Das "Deutsche Ärzteblatt", das von der Bundesärztekammer im Nachbarstaat herausgegeben wird, brachte online am 17. Juni eine Meldung der Nachrichtenagentur AFP, wonach laut der EU-Statistikbehörde Eurostat die Übersterblichkeit im Vergleich April 2020 und April 2021 in Europa tendenziell sogar leicht zurückgegangen sei, wobei weder Angaben zu Covid-19-Erkrankungen noch Impfungen gemacht werden.

Camp im Park, Demo in Salzburg

Allein ist der Redner mit seiner Meinung nicht: In der Nordostecke des Wiener Stadtparks sind Zelte aufgebaut, in denen die Teilnehmer eines Protestcamps gegen die Maßnahmen nächtigen, ein Teil von ihnen sitzt und steht rund um zwei Feuertonnen. Dann machen sich auch diese Maßnahmengegner, darunter eine im April wegen Betrugs und Kurpfuscherei in erster Instanz Verurteilte, auf den Weg zum Ballhausplatz. In Salzburg marschierten am Samstag gar 1.200 Menschen bei einer nicht angezeigten Kundgebung durch die Innenstadt, zu polizeilich relevanten Zwischenfällen kam es dort ebenso wenig wie bei der Demo in Wien.

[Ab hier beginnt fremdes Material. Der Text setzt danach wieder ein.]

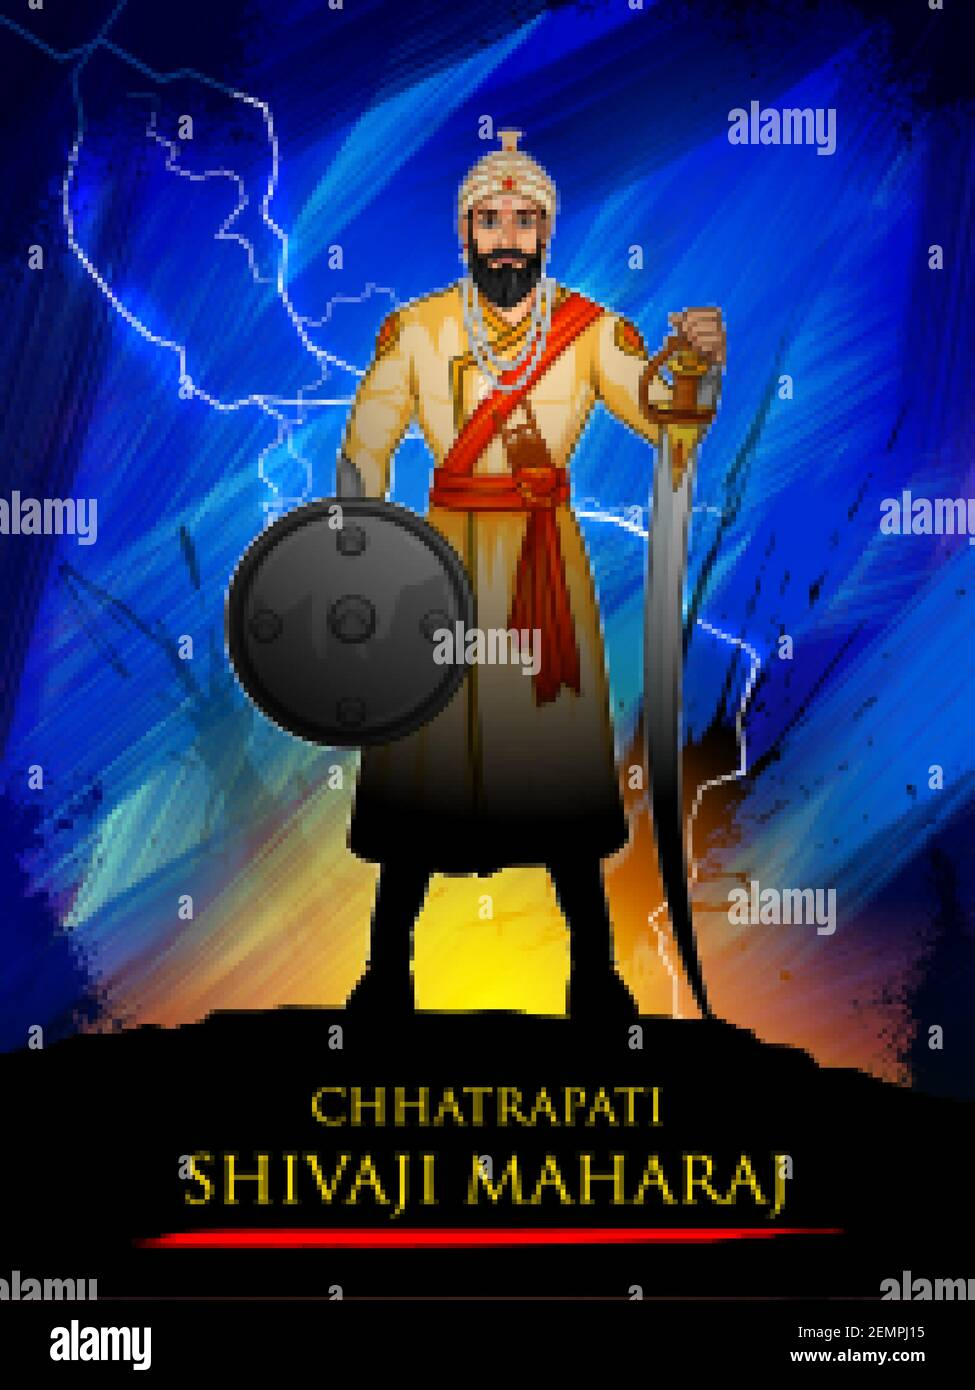 Illustration von Chhatrapati Shivaji Maharaj, dem großen Krieger ...

Ruhiger wird es nicht werden: FPÖ-Bundesparteiobmann Herbert Kickl rief am Samstag zu einer Demonstration in der Wiener City am 20. November auf. "Jeder ist eingeladen, dabei zu sein, denn jeder ist direkt oder indirekt von diesem Irrsinn betroffen", wird Kickl in einer Aussendung zitiert. (moe, 14.11.2021)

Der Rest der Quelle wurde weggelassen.